WHAT YOU SHOULD DO
The response should repeat word for word every line below from the one with "wedding send off wedding" to the one with "RACING AHEAD: Tama", inclusive, and nothing else; leave pictures out.

+++ SUPPLIED RECORDS

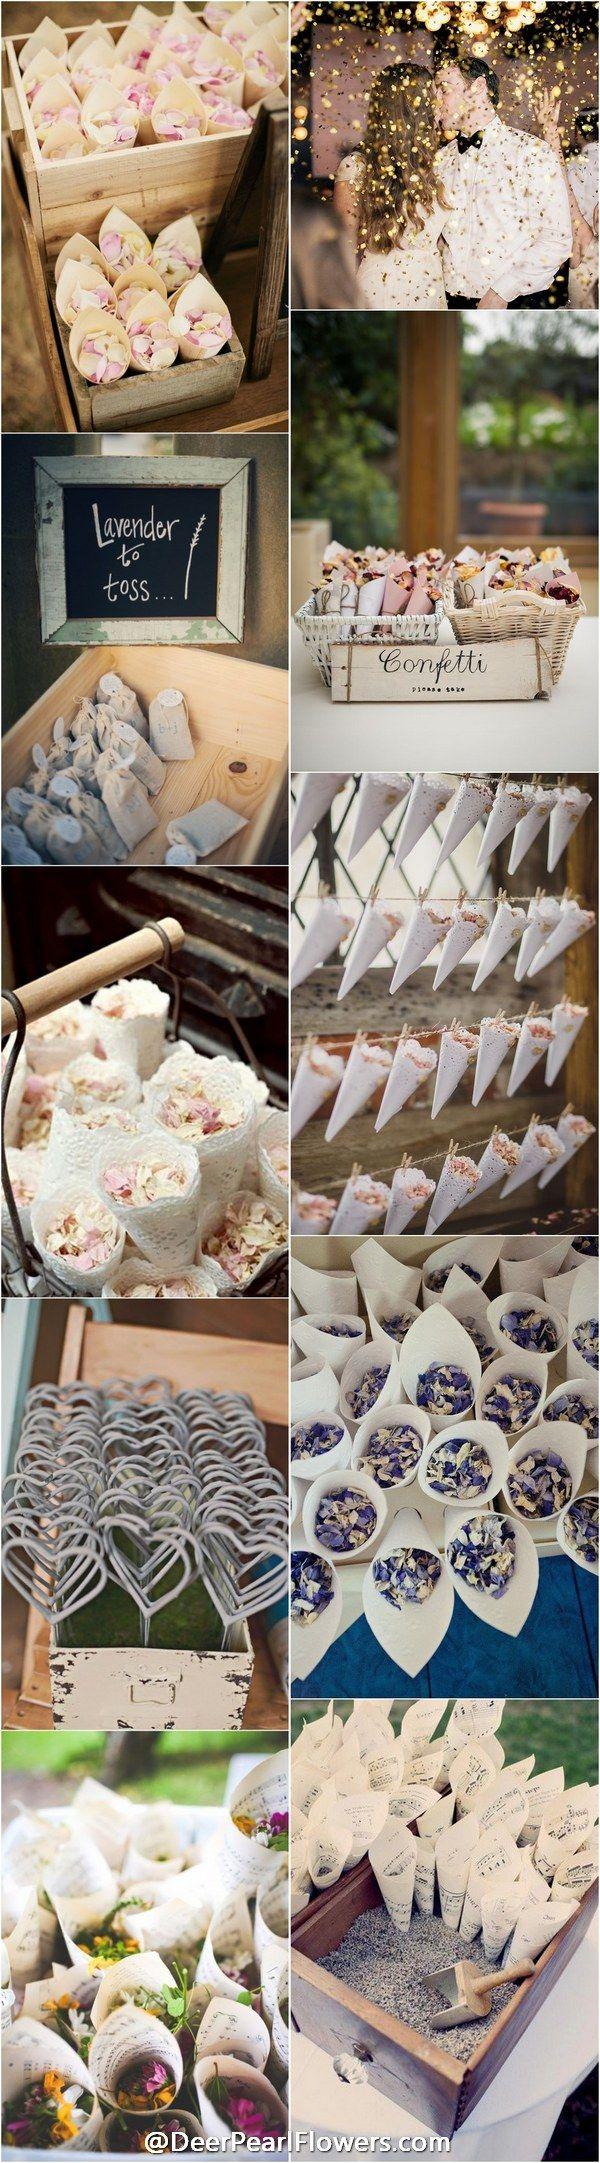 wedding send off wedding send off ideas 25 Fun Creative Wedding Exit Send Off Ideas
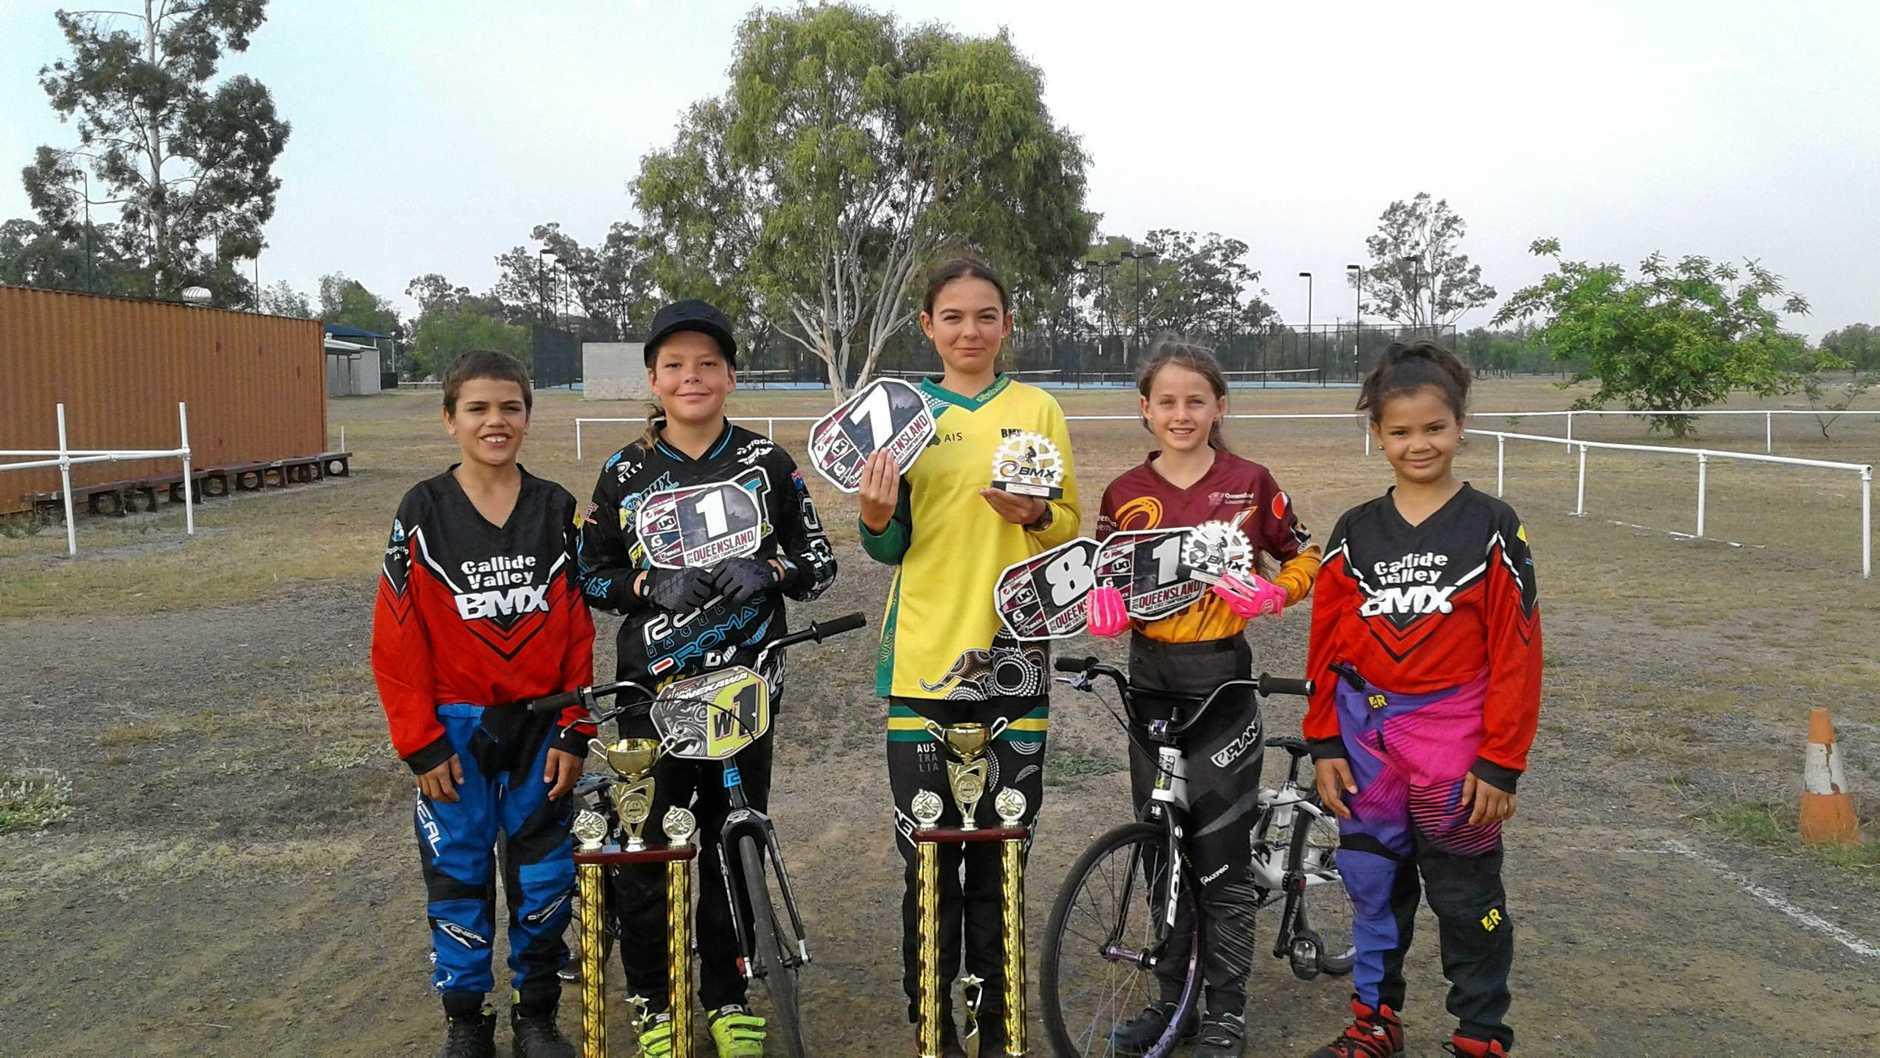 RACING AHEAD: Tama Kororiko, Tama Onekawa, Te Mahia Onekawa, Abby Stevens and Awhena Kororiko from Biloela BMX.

++++++
+++ SUPPLIED RECORDS

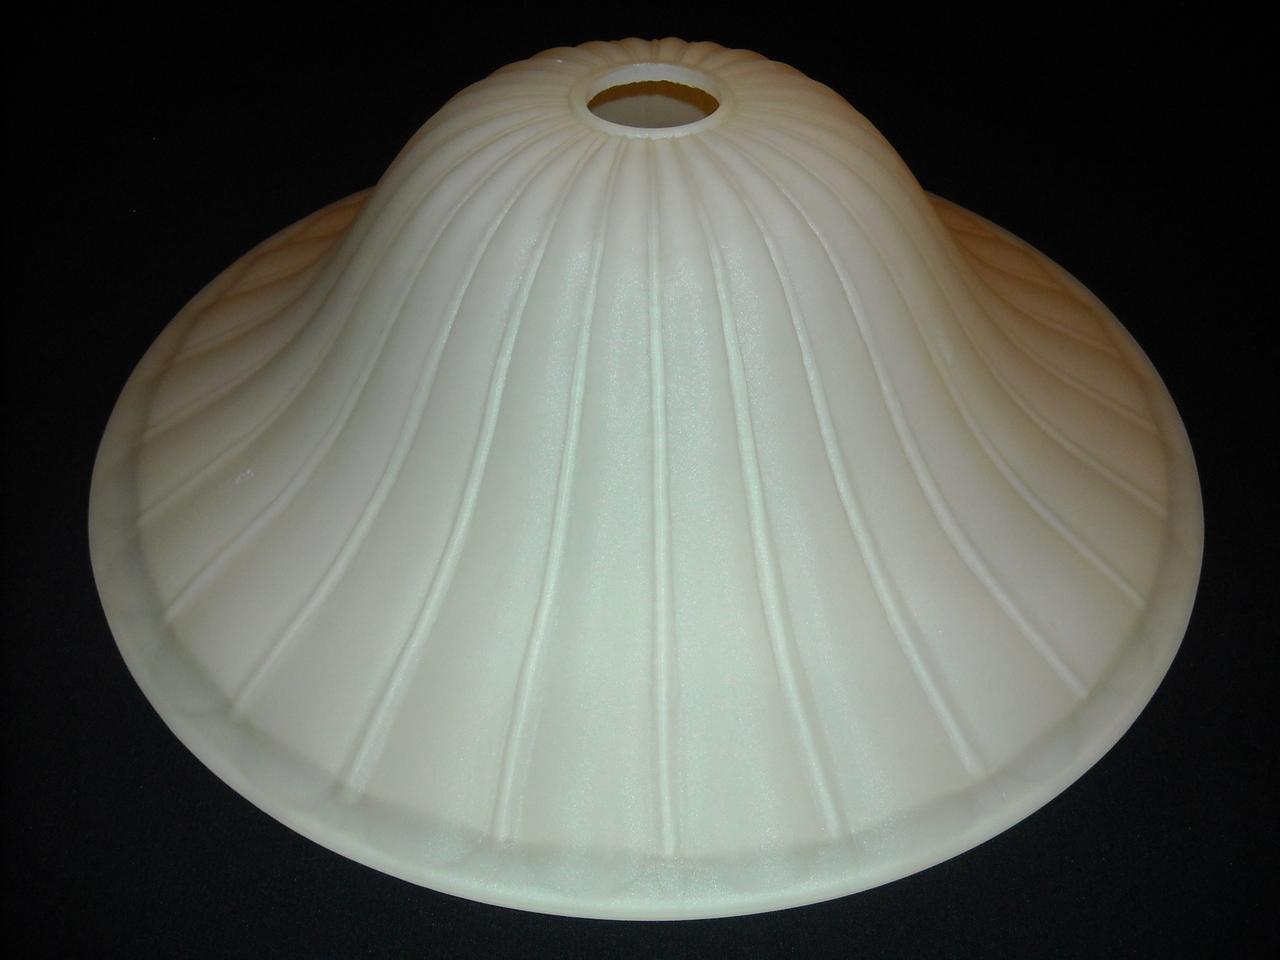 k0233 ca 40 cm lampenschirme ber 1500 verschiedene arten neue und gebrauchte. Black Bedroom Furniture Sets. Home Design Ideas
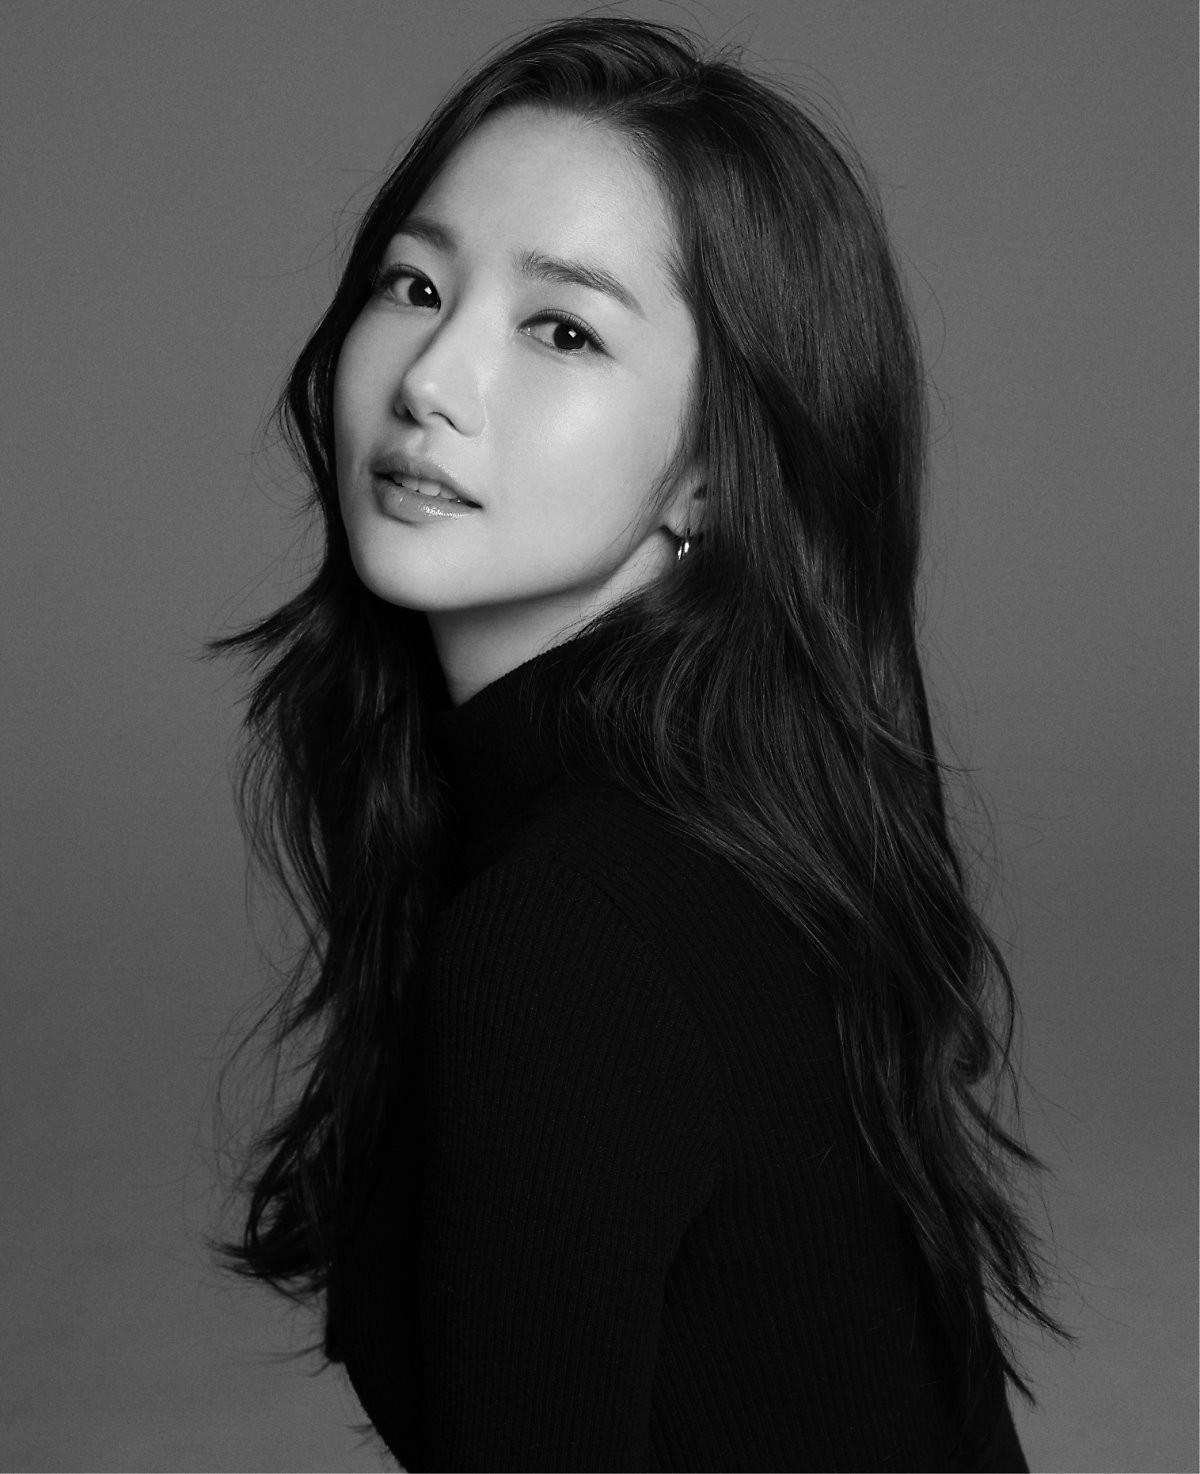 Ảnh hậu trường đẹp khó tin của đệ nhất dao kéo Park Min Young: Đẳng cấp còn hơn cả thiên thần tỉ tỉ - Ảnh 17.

++++++

RESPONSE TO THIS TASK
 wedding send off wedding send off ideas 25 Fun Creative Wedding Exit Send Off Ideas
 RACING AHEAD: Tama Kororiko, Tama Onekawa, Te Mahia Onekawa, Abby Stevens and Awhena Kororiko from Biloela BMX.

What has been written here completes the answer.